§ **Problem**
This exercise calls for retyping every line below exactly, with the images omitted.

Recorded information: Begin

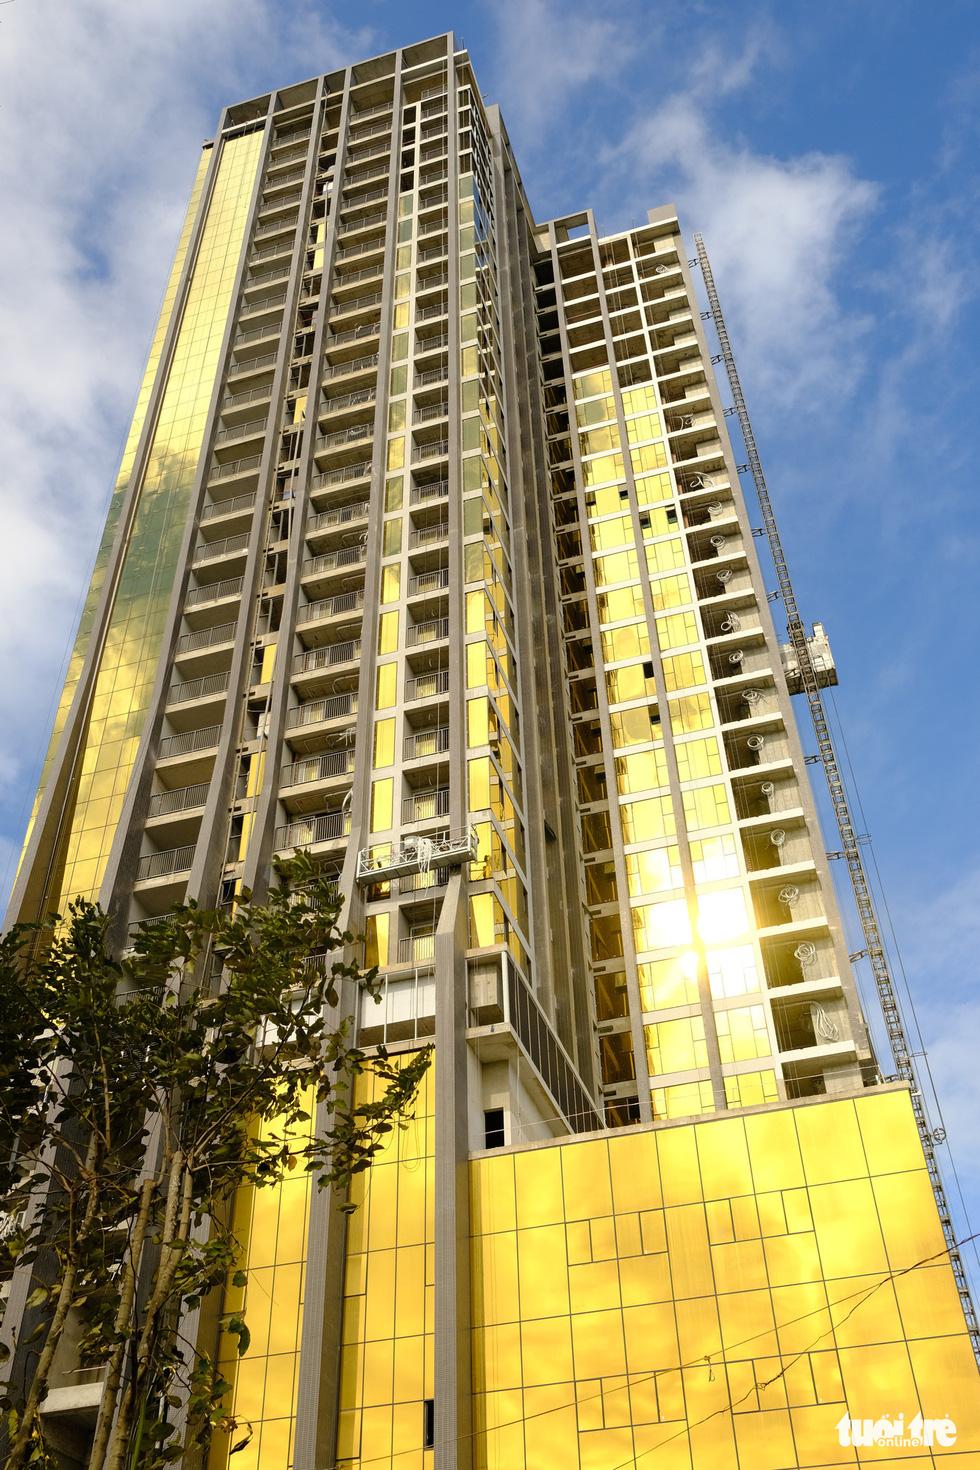 Cận cảnh hai tòa nhà dát vàng gây nhức mắt tại Đà Nẵng - Ảnh 4.
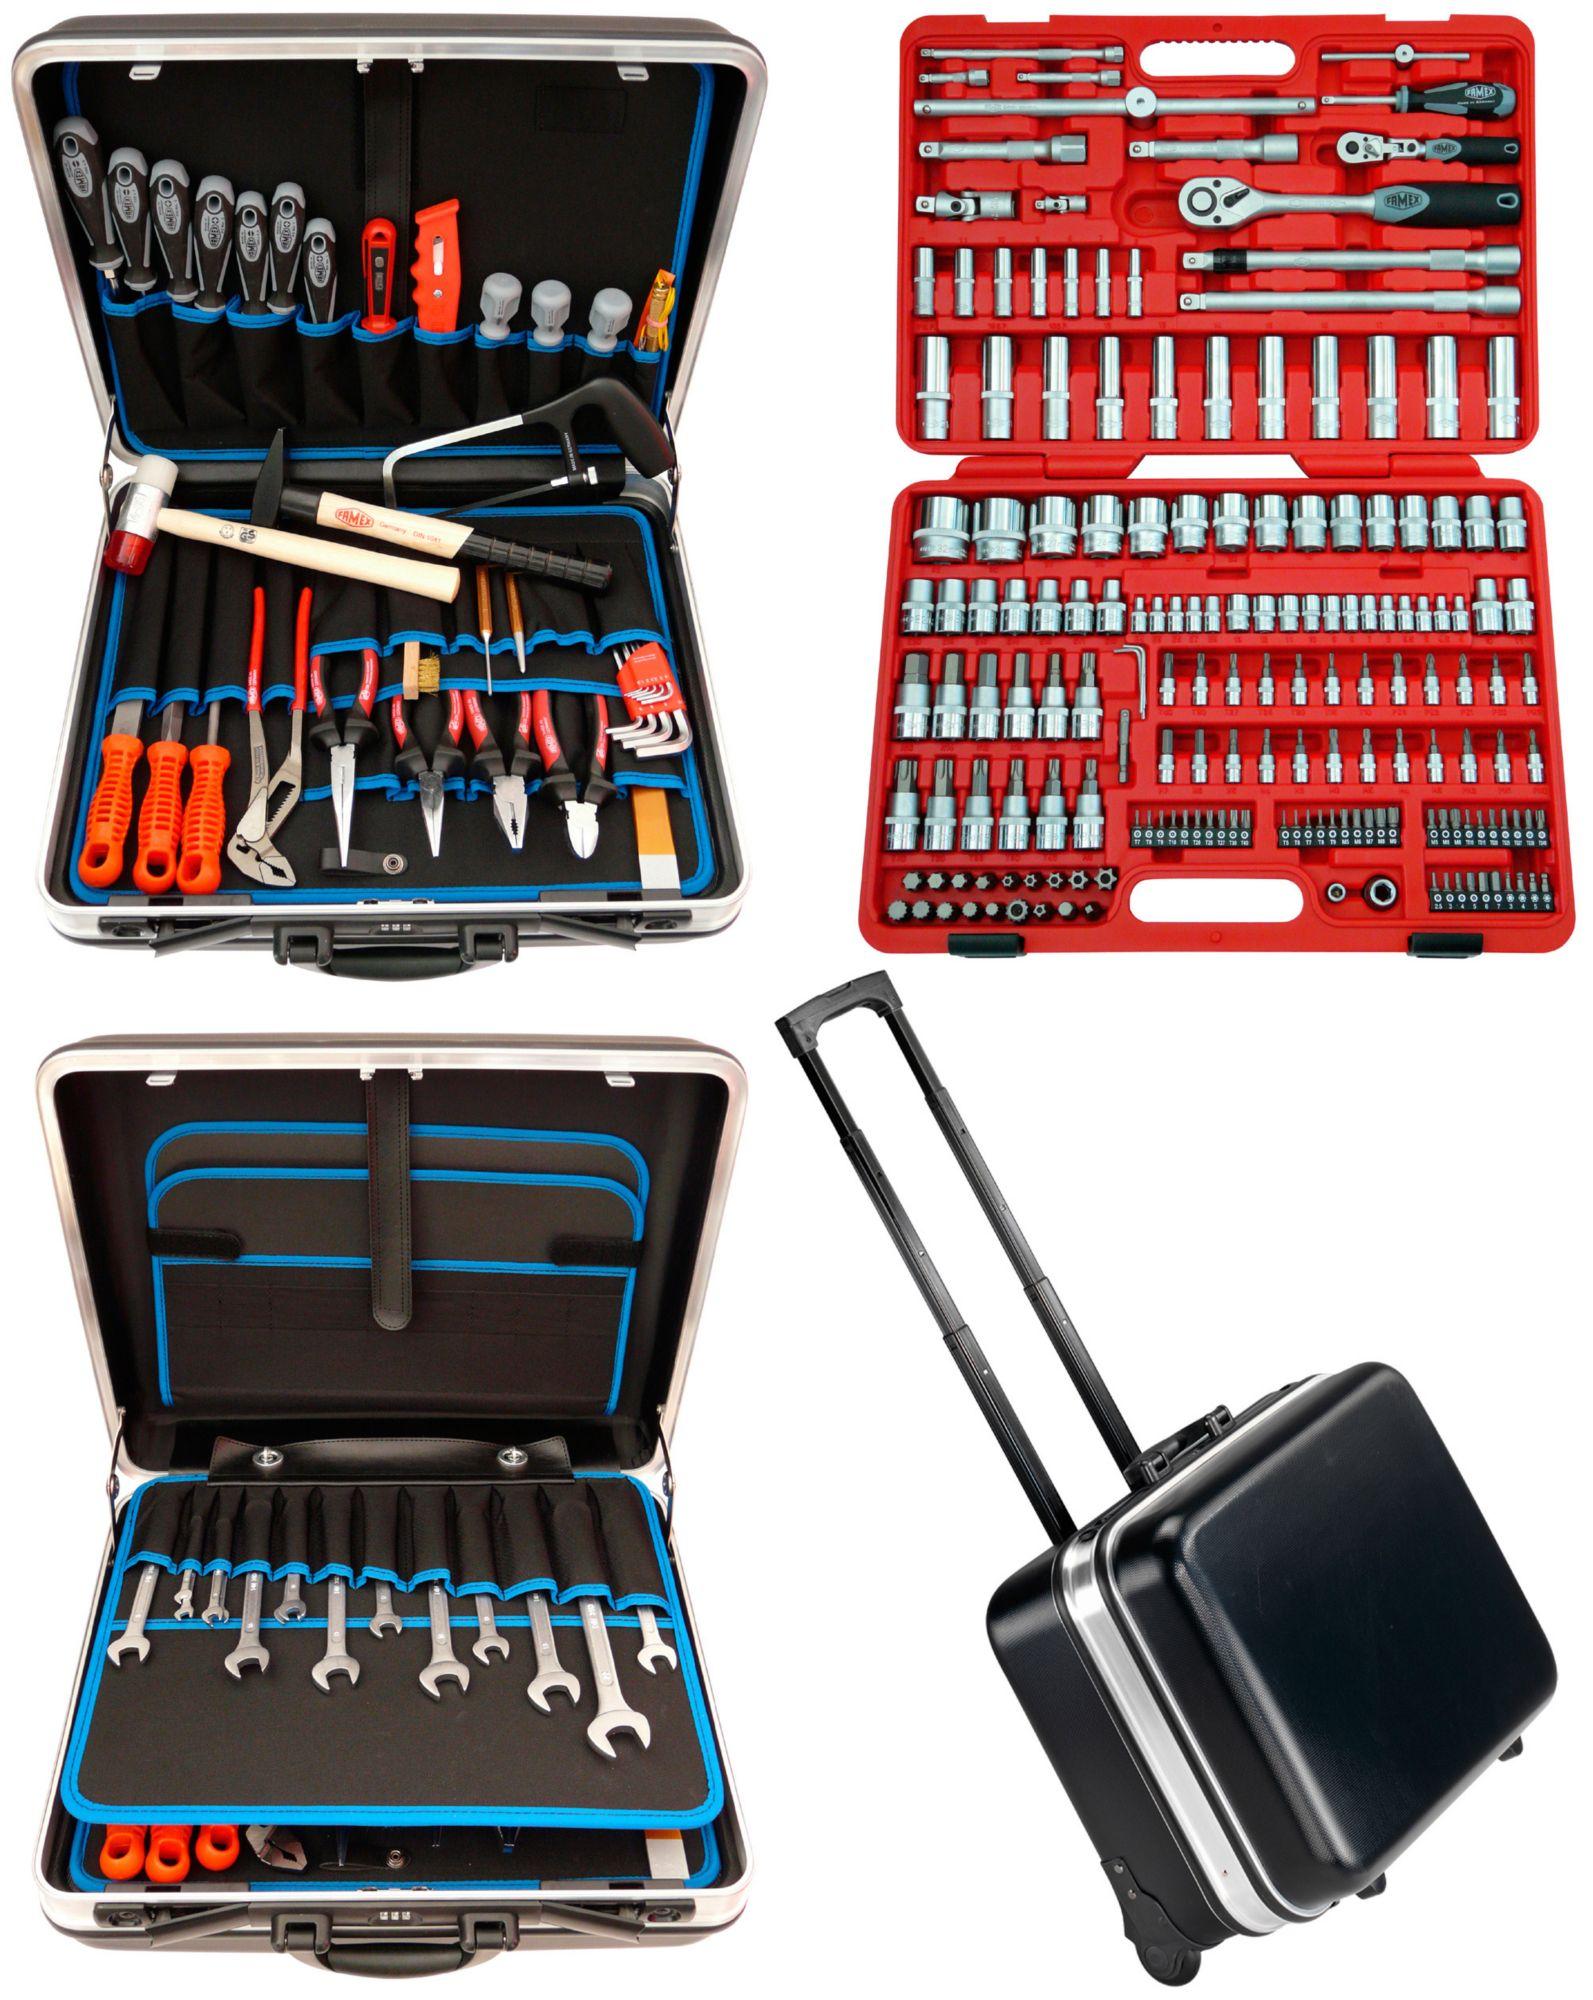 FAMEX Famex Trolley ABS Werkzeugkoffer Set »Famex 606-09« mit 174tlg. Steckschlüsselsatz
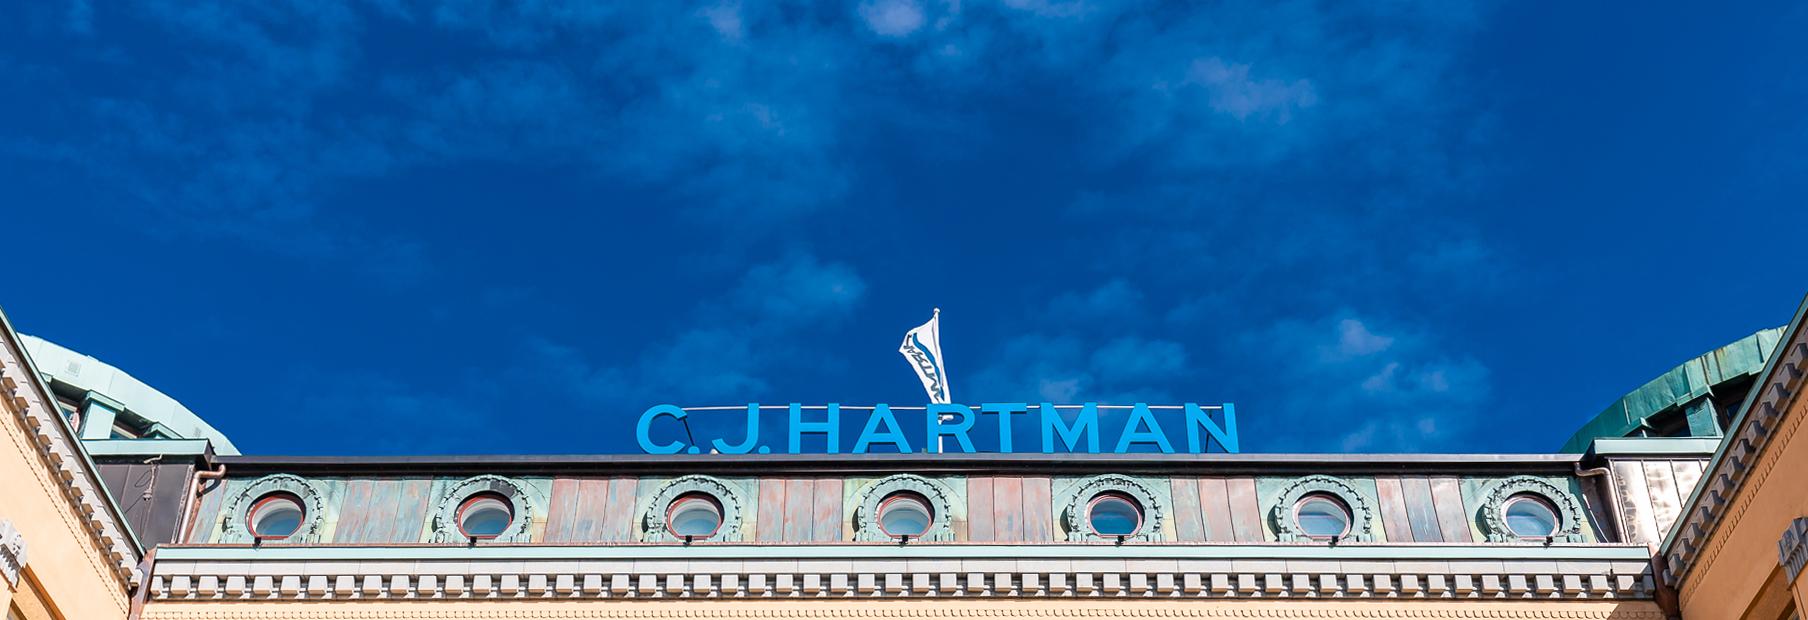 hartman-case-5
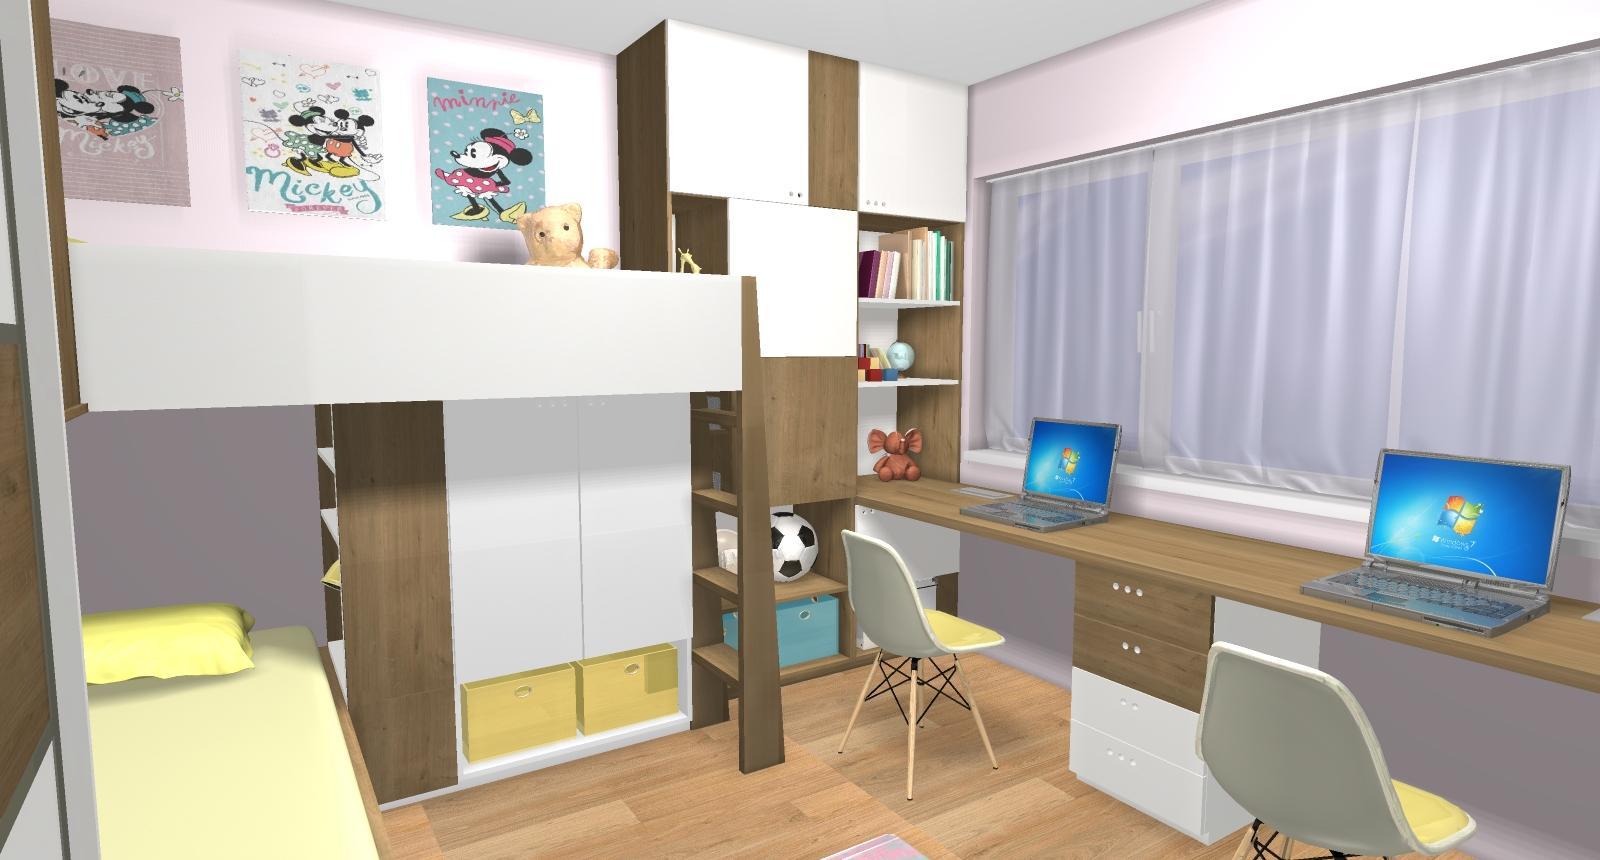 Grafické návrhy interiér 2019 - Grafický návrh detskej izby pre dve dievčatká - verzia 2 - obr.6

Recorded information: End

§ **Answer**
 Cận cảnh hai tòa nhà dát vàng gây nhức mắt tại Đà Nẵng - Ảnh 4.
 FAMEX Famex Trolley ABS Werkzeugkoffer Set »Famex 606-09« mit 174tlg. Steckschlüsselsatz
 hartman-case-5
 Grafické návrhy interiér 2019 - Grafický návrh detskej izby pre dve dievčatká - verzia 2 - obr.6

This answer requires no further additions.